However, the research on the effects of reward on intrinsic motivation makes it clear how sensitive the experience of autonomy is to deficits of autonomy. Autonomy is uniquely about freedom from control, in that having the freedom to explore contingencies in the world, to attend to intrinsic experiences of action rather than having to attend to the controlling features of a situation, is, in a real sense, about the ability to have control over oneself. In fact, individuals who have greater needs for autonomy show somewhat greater ability to detect another's nonverbal displays in which affect and expression of dominance versus passivity are expressed; needs for power, in contrast, are uncorrelated with such skill (Marsh et al. 1999). Perhaps the nonverbal behavior of others is more informative to an individual with greater need for autonomy because the intentions of others might offer some threat to one's own freedom. Thus, considering autonomy within a context of control needs, and as potentially involving homeostatic processes (Pittman and Heller 1987), seems to have utility.

In general, though, understanding autonomy and its relationship to different domains of control needs, and understanding the effects of loss of autonomy, seem to be important factors not yet fully explored by social scientists.

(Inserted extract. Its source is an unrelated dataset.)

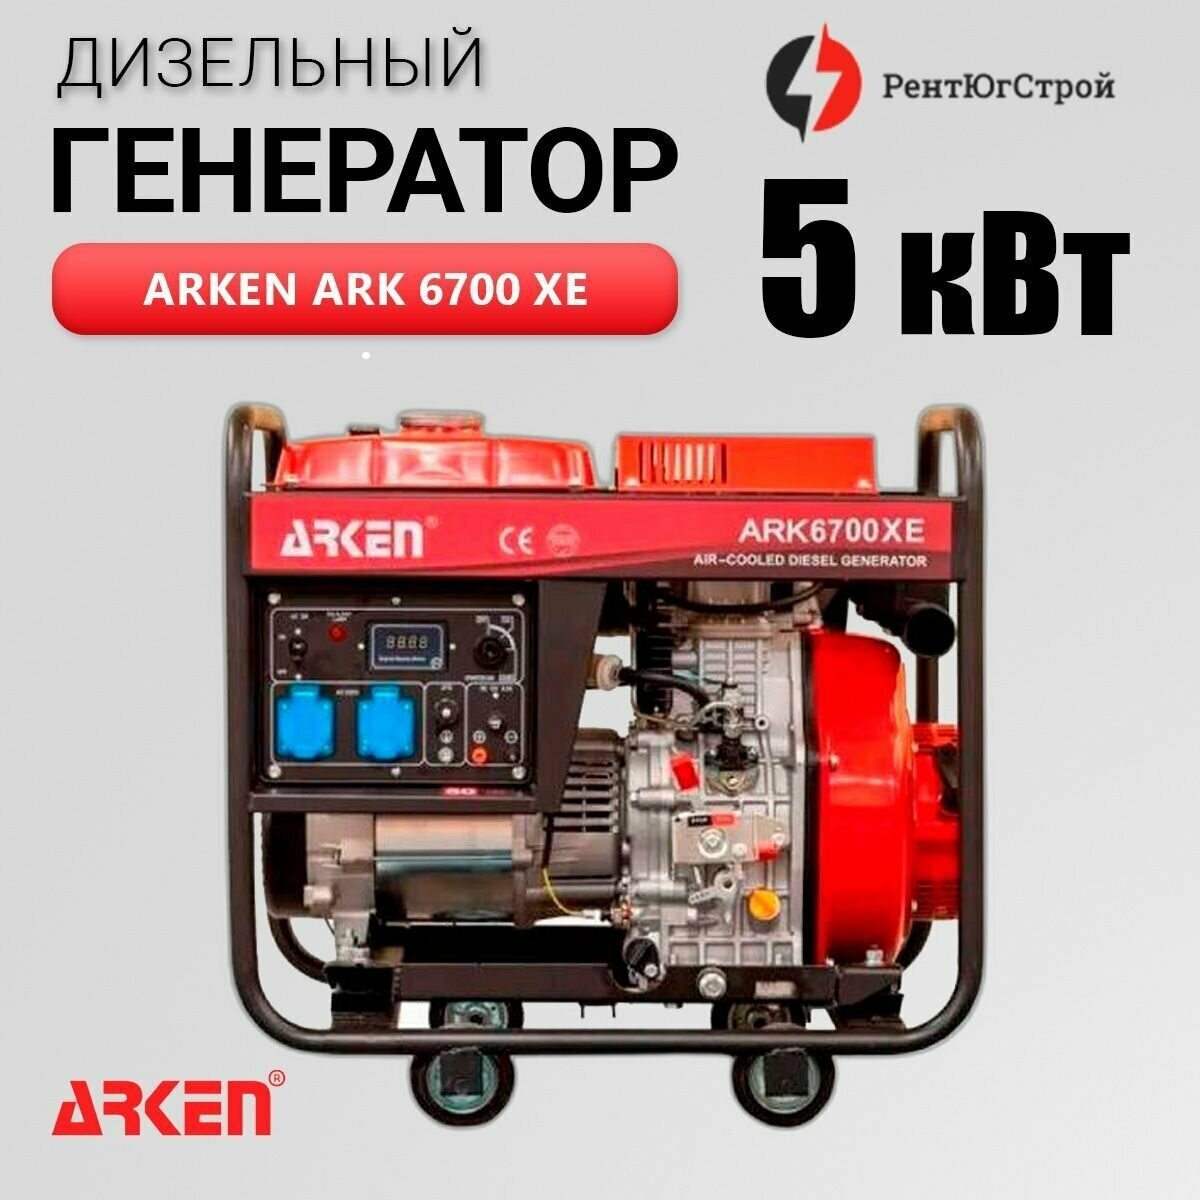 Дизельный генератор Arken ARK 6700 XE 5кВт - фотография № 1

In particular, many of the cognitive processes that have been explored with loss of control in mastery domains have been less frequently explored in the domain of autonomy. Control motivation research demonstrates that individuals have strong tendencies toward biased perceptions that events are under their personal control, and that cognitive processes function to help maintain such biases. The extent to which autonomy-based action is similarly mediated by biased cognitive processes suggests important questions for future study.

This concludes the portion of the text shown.